**Provided data**
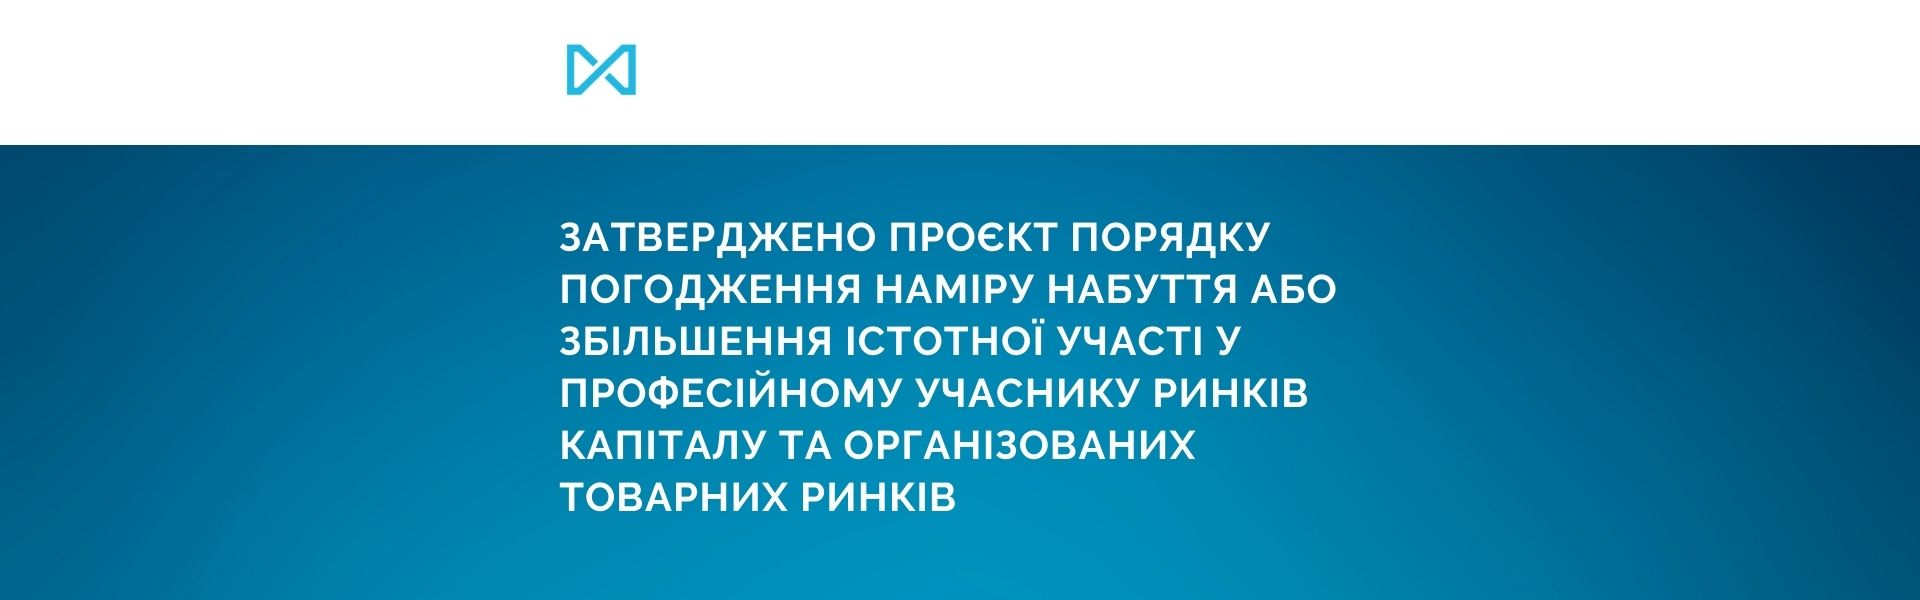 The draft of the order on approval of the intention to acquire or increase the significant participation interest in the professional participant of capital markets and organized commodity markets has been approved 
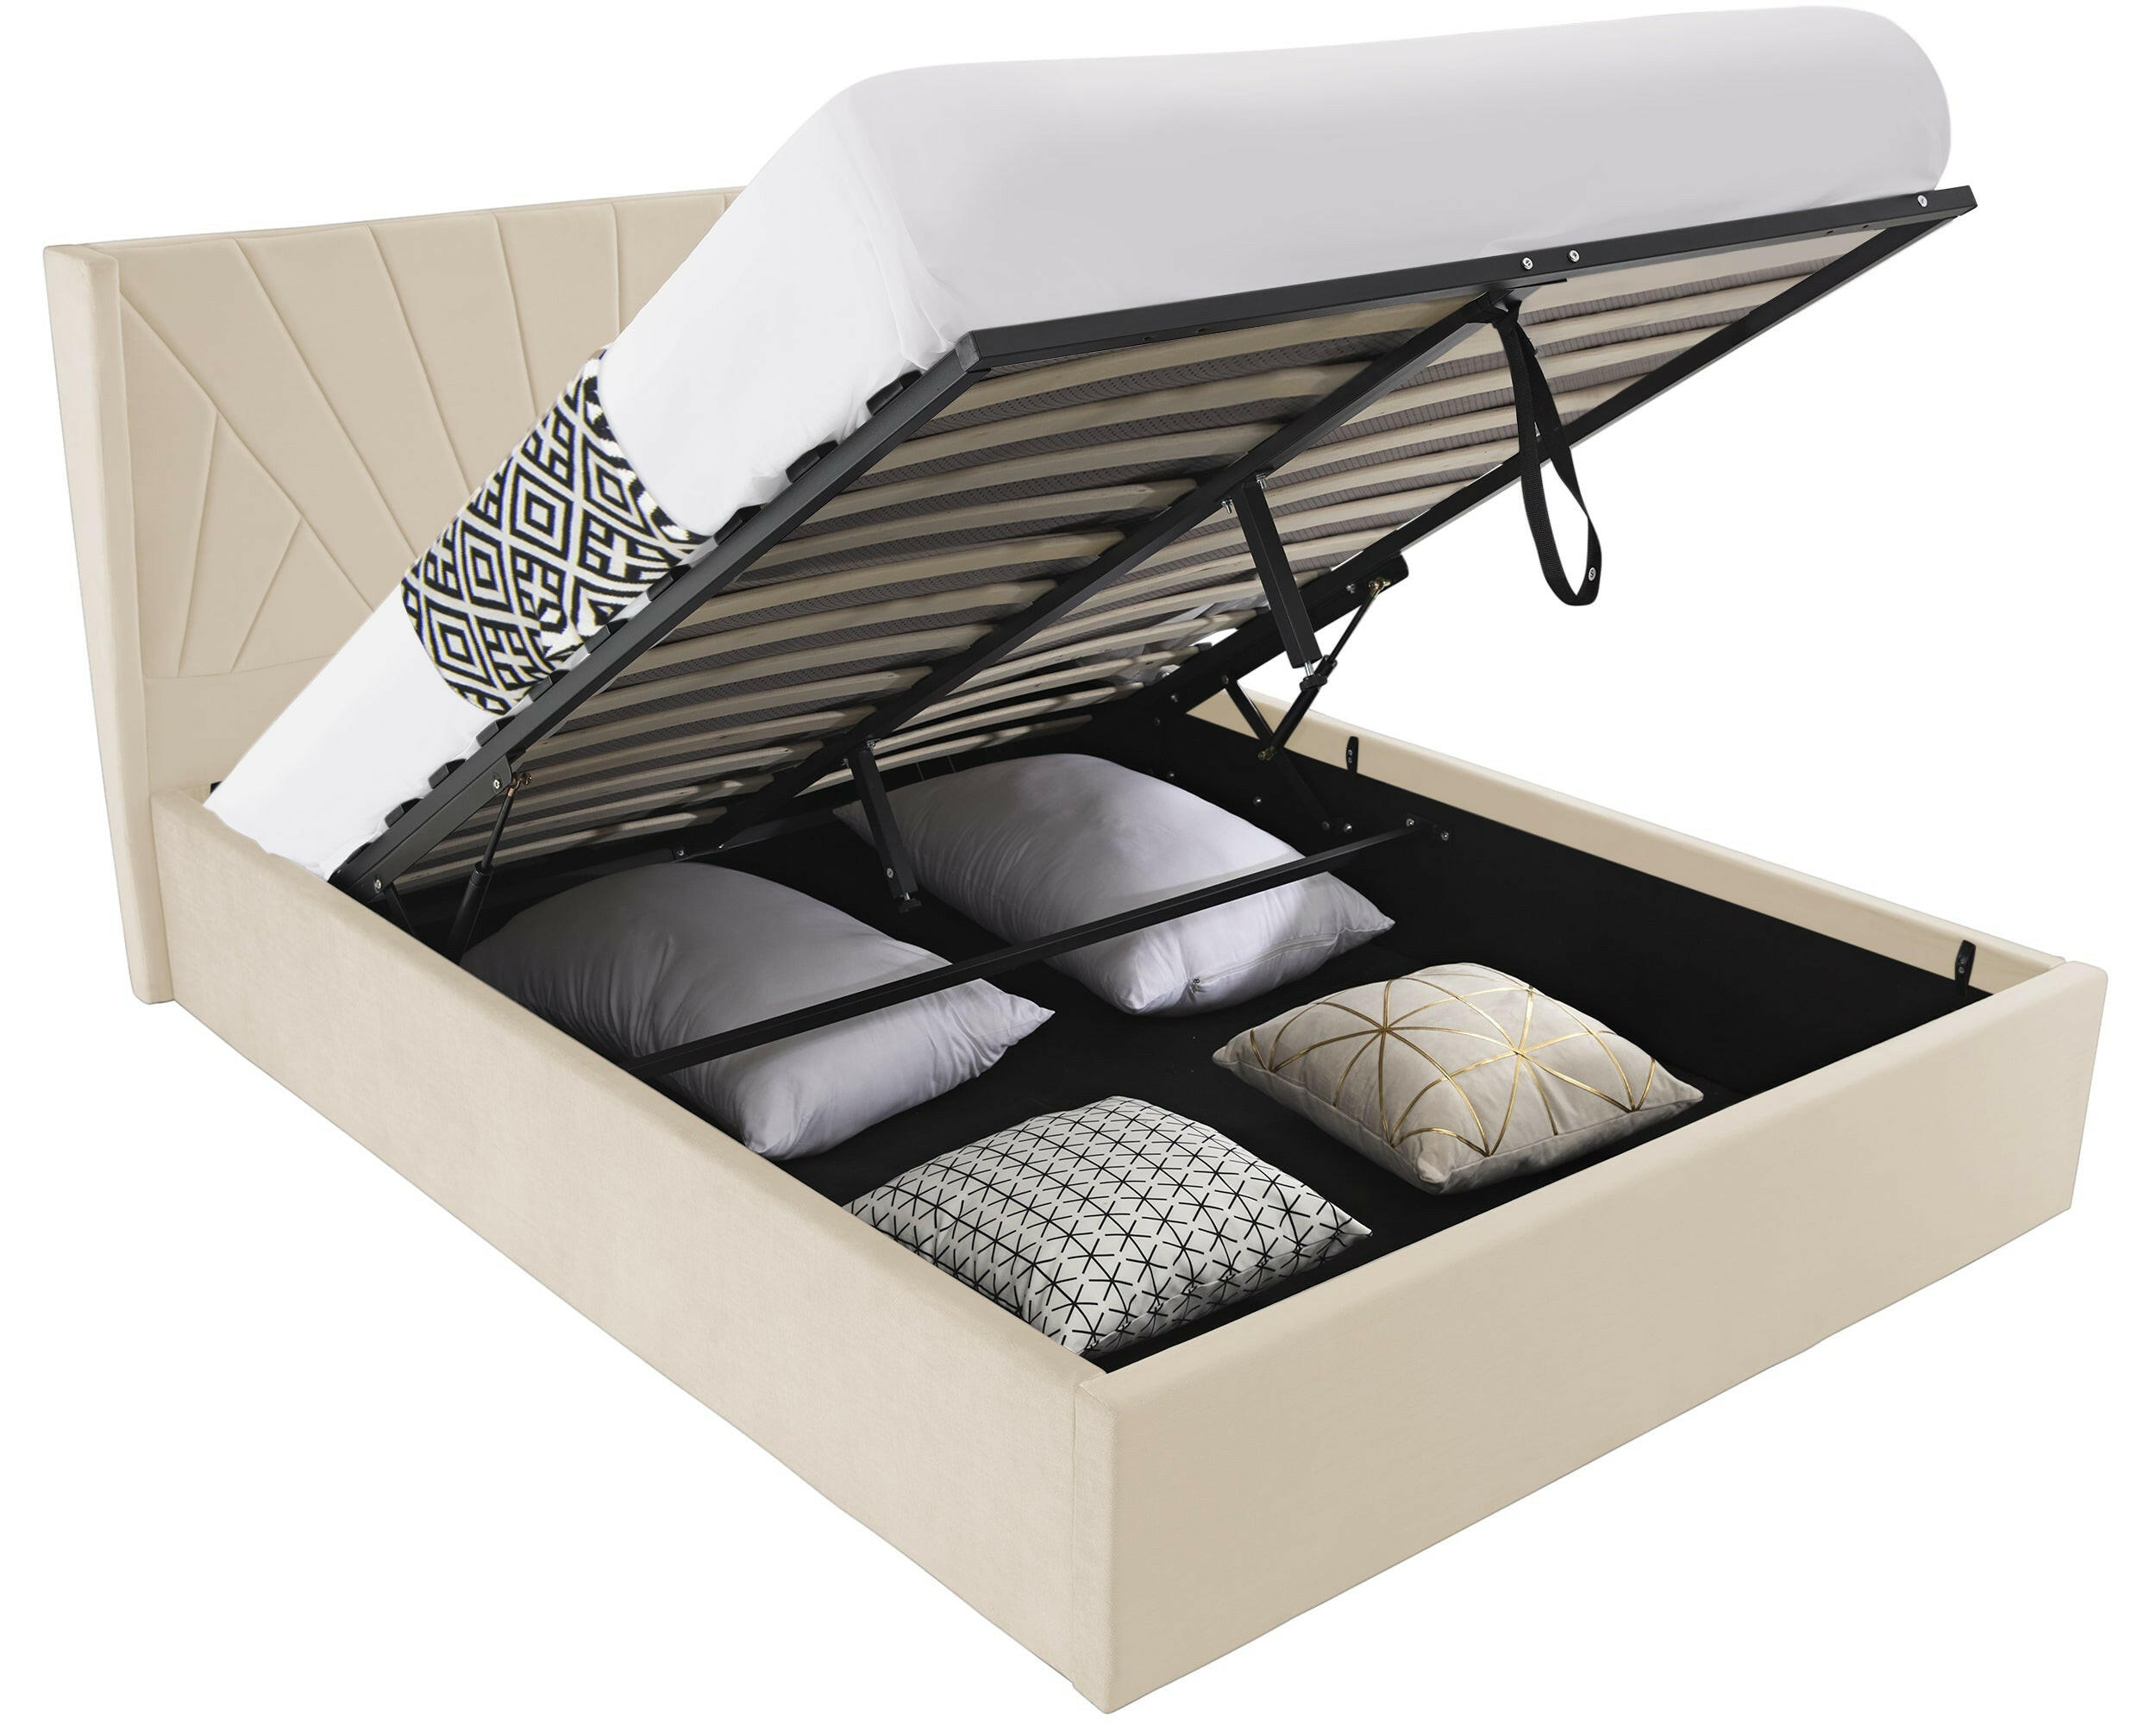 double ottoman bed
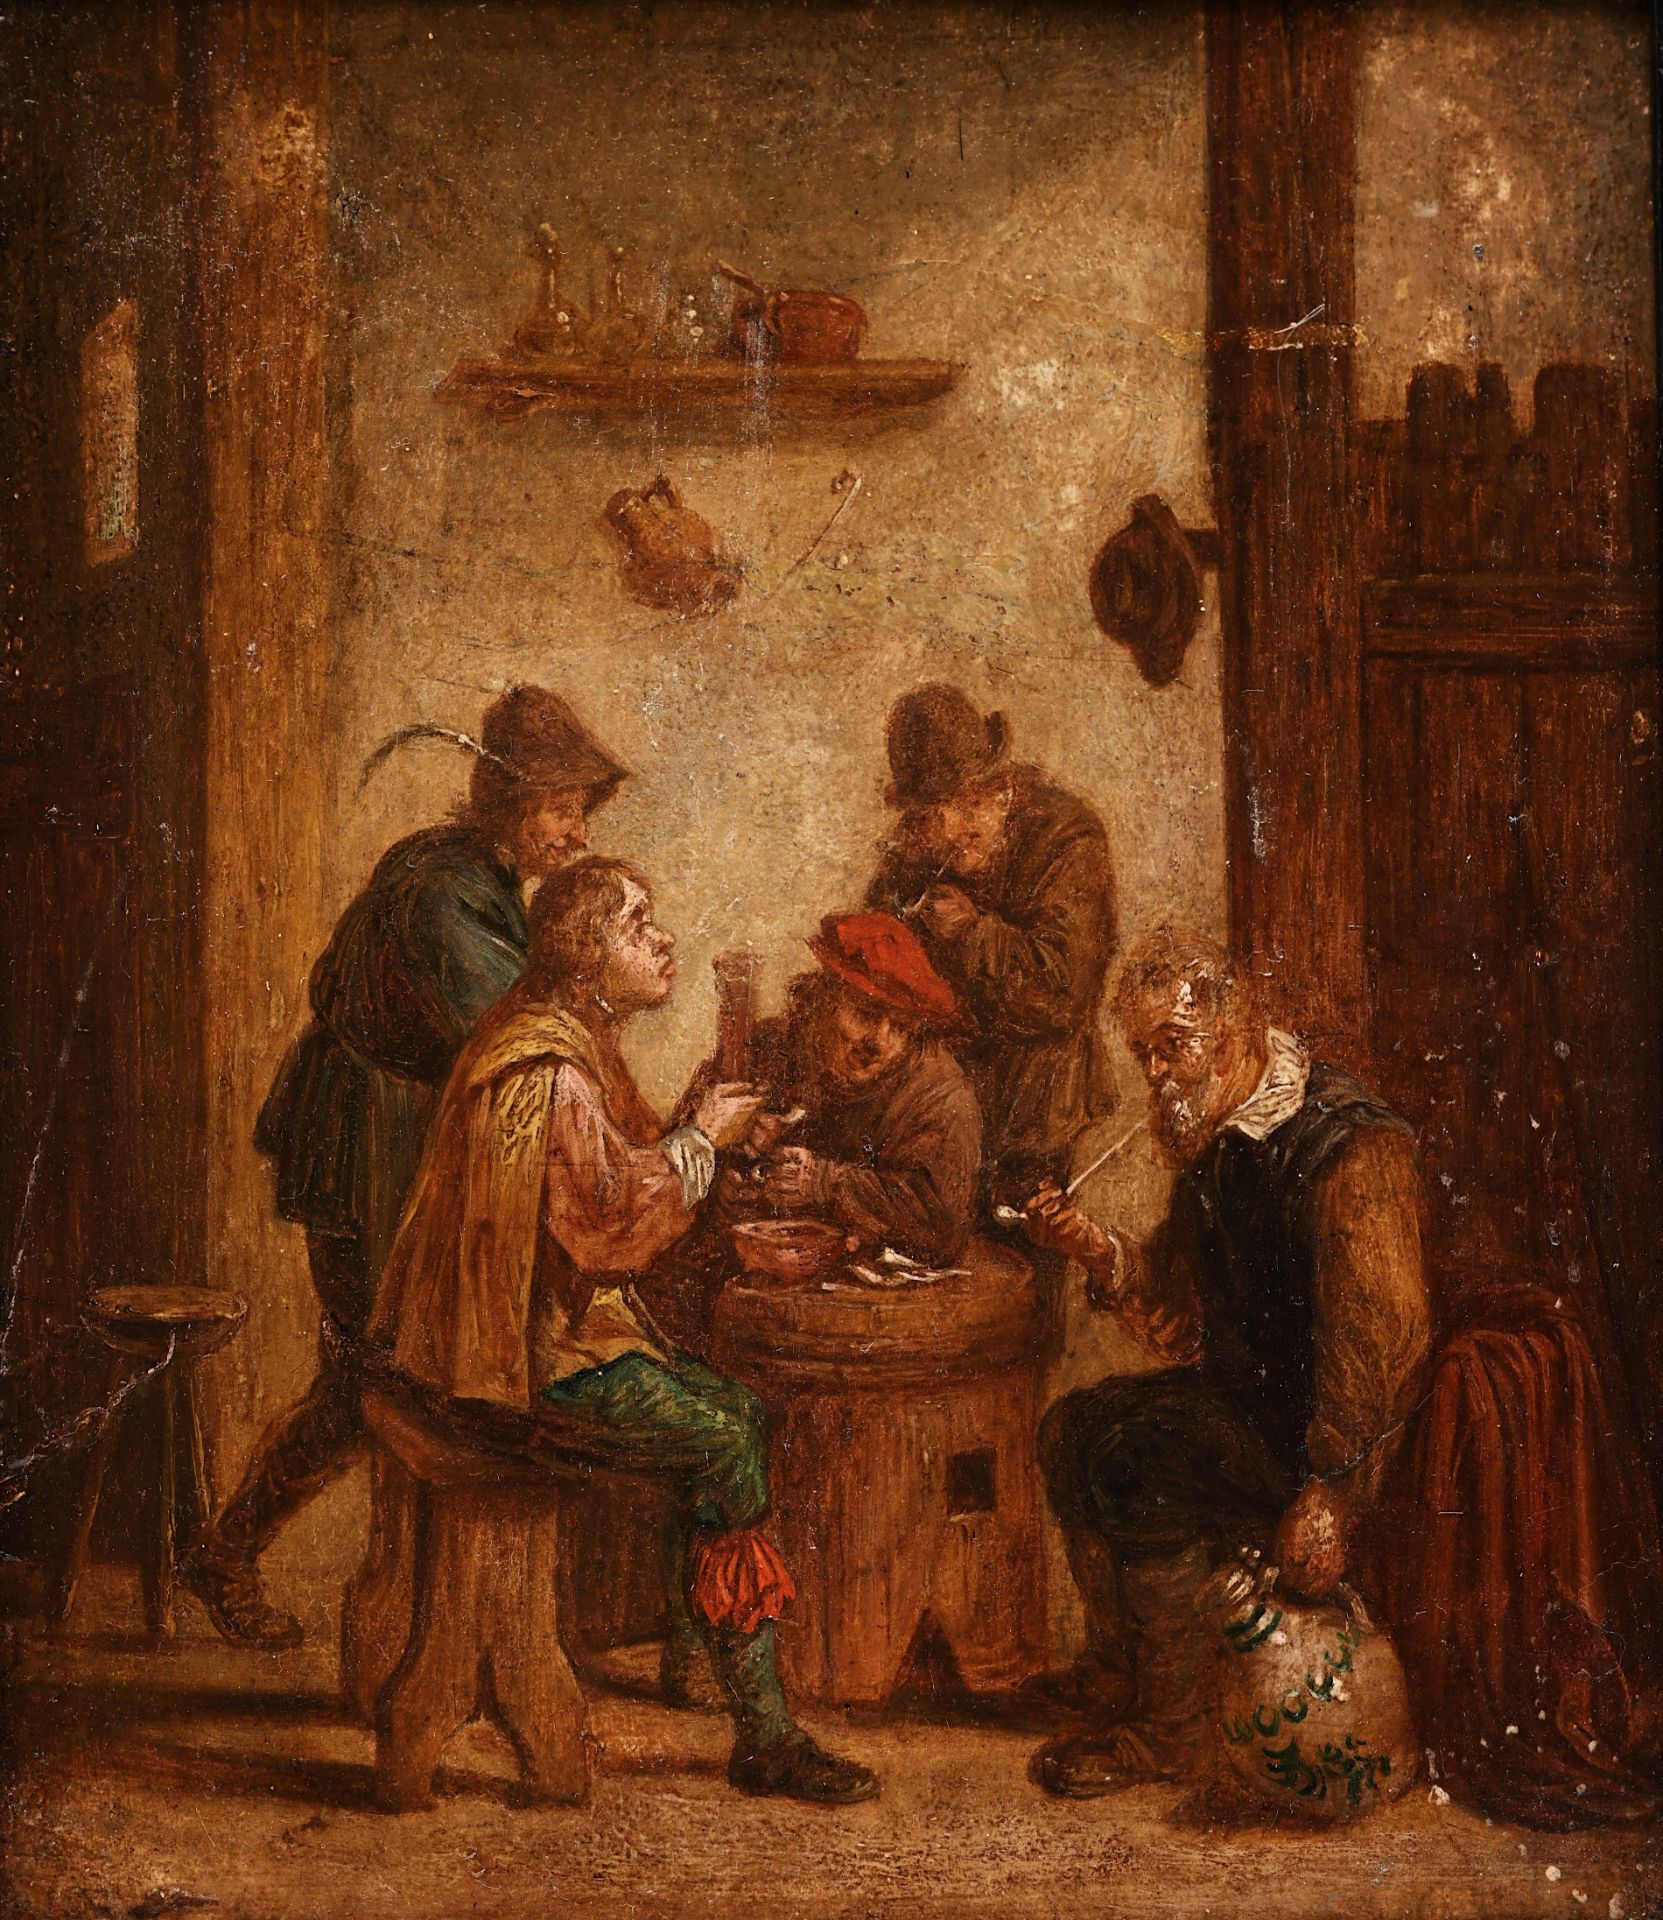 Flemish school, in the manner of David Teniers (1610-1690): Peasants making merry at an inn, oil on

**What needs to be done**
Reproduce the material word for word, but without its images.

**Written response**
 The draft of the order on approval of the intention to acquire or increase the significant participation interest in the professional participant of capital markets and organized commodity markets has been approved 
 double ottoman bed
 Flemish school, in the manner of David Teniers (1610-1690): Peasants making merry at an inn, oil on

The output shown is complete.